Por Emmanuel Esquea Guerrero
Con la muerte del Presidente Chávez se cumple con
gran acierto lo dicho por John Donne: " La Muerte de cualquier hombre
me disminuye”. Pero tendría que añadir
que ese deceso no solamente repercute en
mi “Porque soy parte de la Humanidad”, como concluyó el poeta
inglés, sino que afecta de manera muy particular a los pueblos que conformamos el Tercer Mundo.
El Presidente Chávez se distinguió por su preocupación ante los males propios de
los pobres del mundo; y muy pocas veces en la historia de las relaciones
internacionales se había visto un Presidente que mostrara tanta solidaridad como la exhibida por él. Su vocación de ayuda no tuvo límites y se dirigió
principalmente hacia sus vecinos
de Latinoamérica.
La desaparición del Presidente Chávez en el momento
más luminoso de su carrera política -acababa de ganar una nueva elección- debe llamarnos a la reflexión sobre la
precariedad de la vida, pues como decían los romanos: Somos humanos y tendremos
que morir.
La realidad de la muerte que llega “como un ladrón”, según
nos dice el Evangelio, nos obliga a estar siempre preparados para su
encuentro.

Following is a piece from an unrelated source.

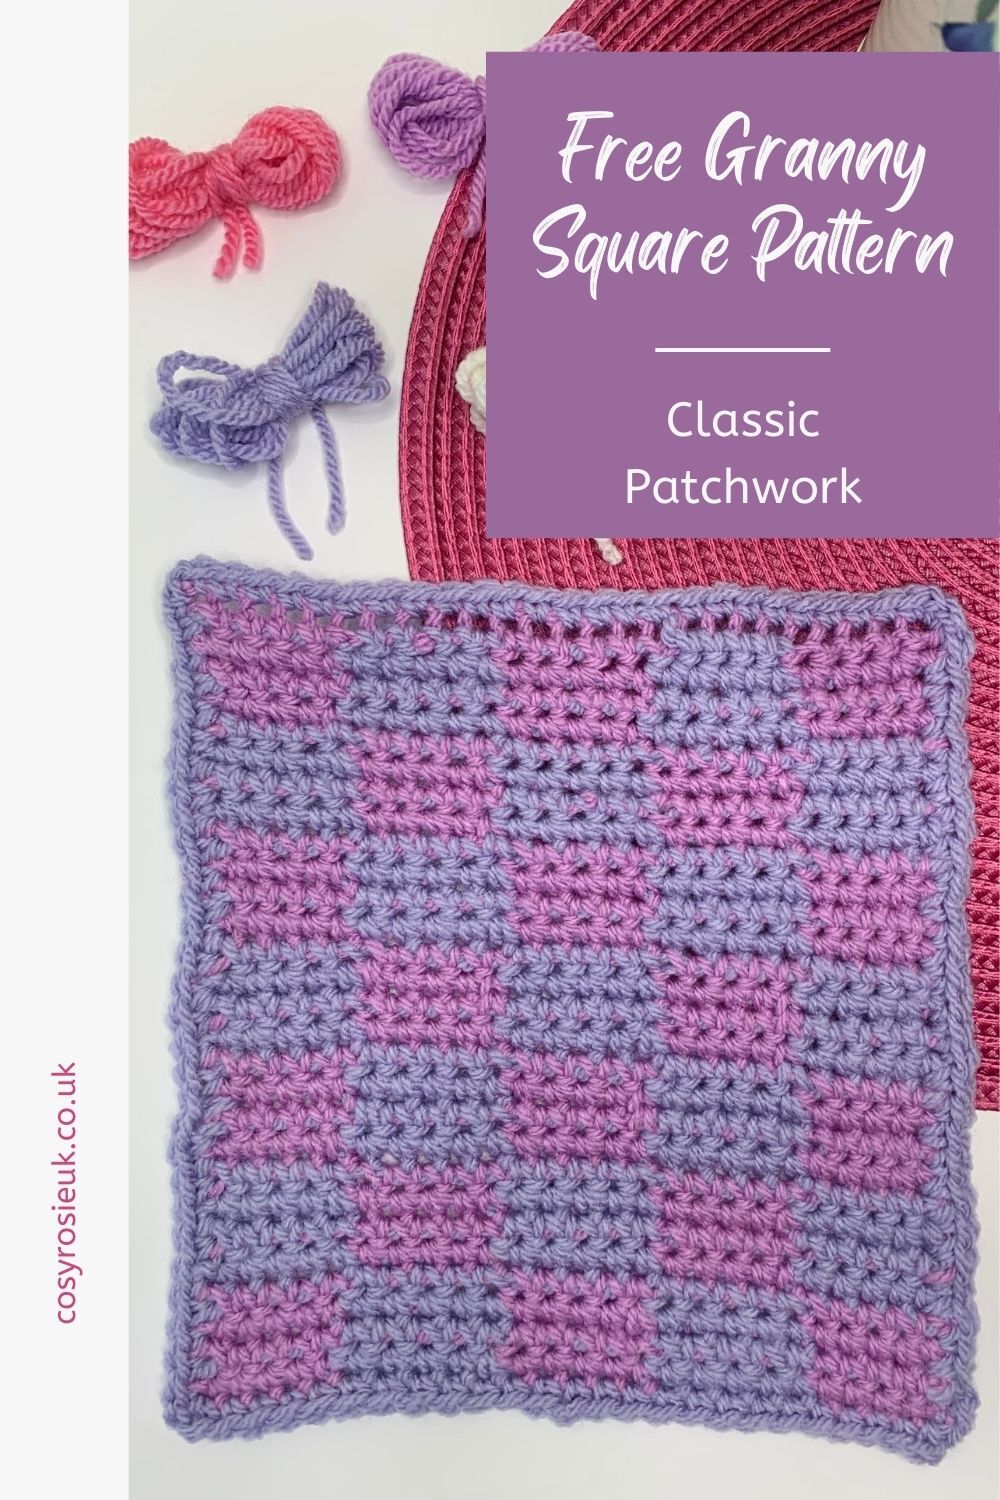 Unique way to join granny squares

En ese momento se presentarán –como un balance repentino- todos los
actos de nuestra vida y podremos ver de cerca, el resultado. Si salimos exitosos, entonces habría tenido sentido
nuestra existencia. De lo contrario, nos sentiremos culpables de haber
defraudado a Dios, a nuestros padres y a nuestros hijos.
Ese acontecimiento
nos lleva también a pensar en la precariedad de la gloria
humana. “Sic transibus gloria mundi”
dice el ritual del Vaticano. Y ciertamente es así. El Presidente Chávez era un hombre joven y lleno de poder. Amado
por su pueblo y respetado por sus colegas estadistas. No podía pretender mayor
gloria. Sin embargo, la veleidad de la vida dio paso a la muerte y toda esa
dicha se disipó.
Pero felizmente, los hombres podemos vencer la muerte y el fracaso de la gloria
terrenal, si somos capaces de trascender en el corazón de los que nos sobreviven. Y ese es el gran reto de los líderes.

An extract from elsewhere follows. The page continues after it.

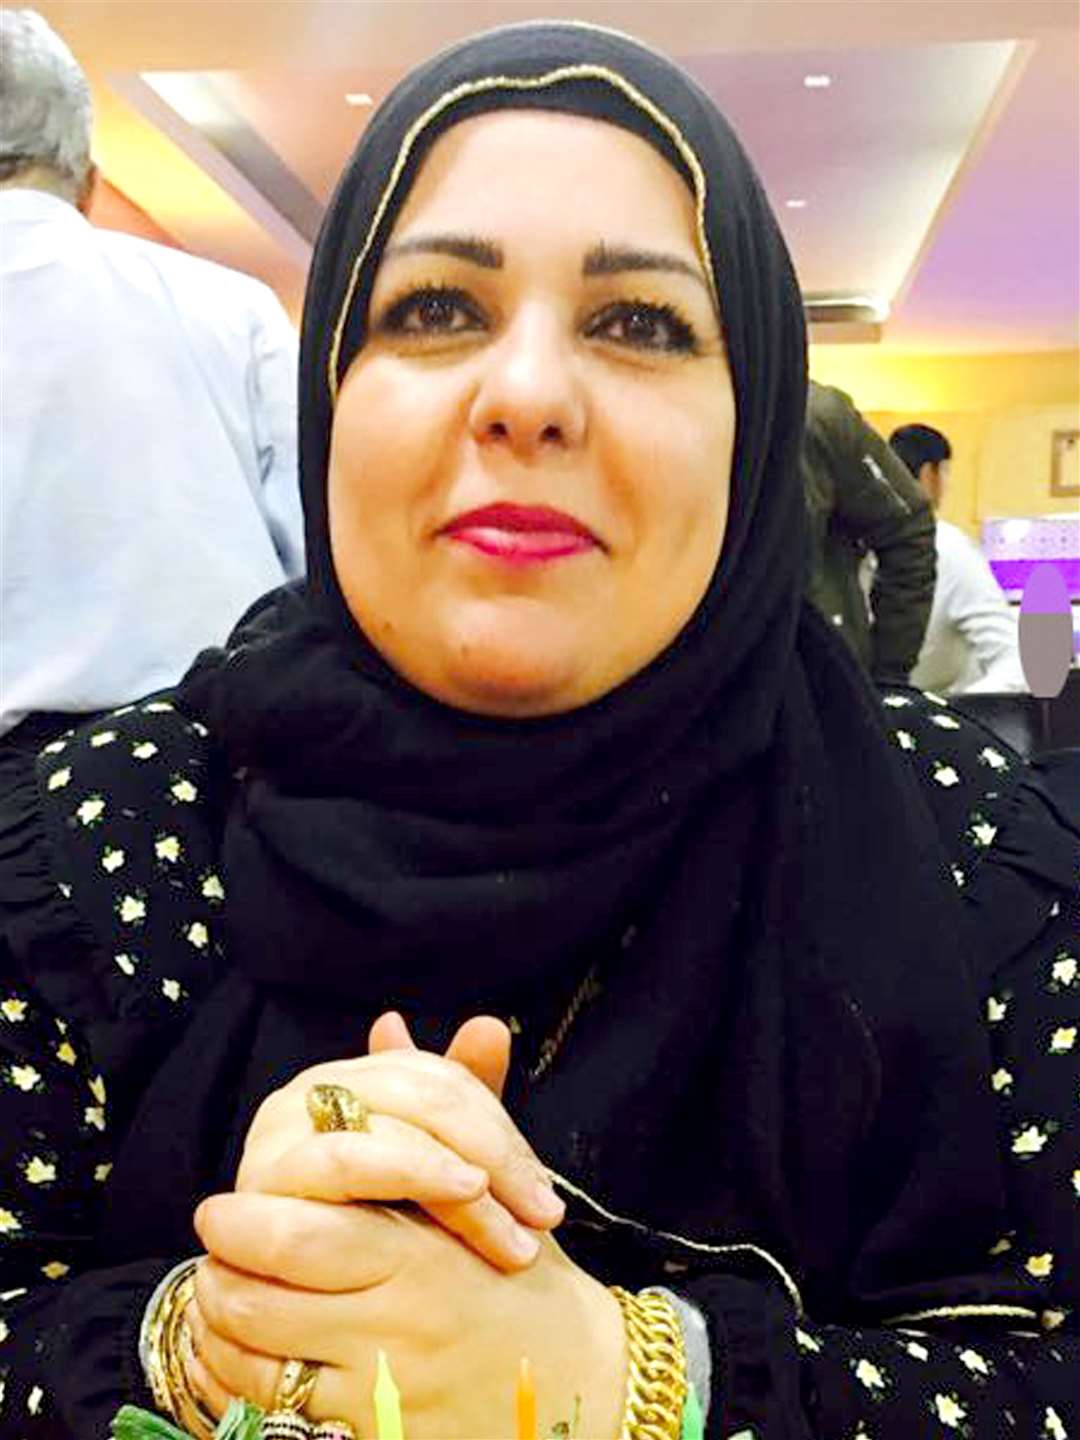 Khowla Saleem, who was stabbed to death along with her daughter Raneem (West Midlands Police/PA)

El liderazgo que se pueda experimentar en vida
siempre estará sometido a la sospecha de
las verdaderas causas que lo motivan. Si esas razones no traspasan el simple interés de beneficios materiales o
coyunturales, el liderazgo será efímero
y circunstancial. Por el contrario, cuando el vínculo con el líder es
ideológico o basado en principios apartados del interés personal, haciendo de esa relación una
especie de religión, entonces el liderazgo sobrevivirá a la ausencia del líder
y adquirirá un carácter de perpetuidad.
Ahora que el Presidente Chávez ha muerto es cuando podremos medir la verdadera extensión de su liderazgo. No sé cual será el
desenlace final, pero de lo que no tengo dudas, es de que Chávez vivió luchando por la satisfacción de las necesidades de la mayoría
de los venezolanos.
Se podrá estar o no de acuerdo con su manera de
gobernar, pero nadie podrá negar que el
Presidente Chávez fue un hombre que vivió
y murió por la causa en la que creía.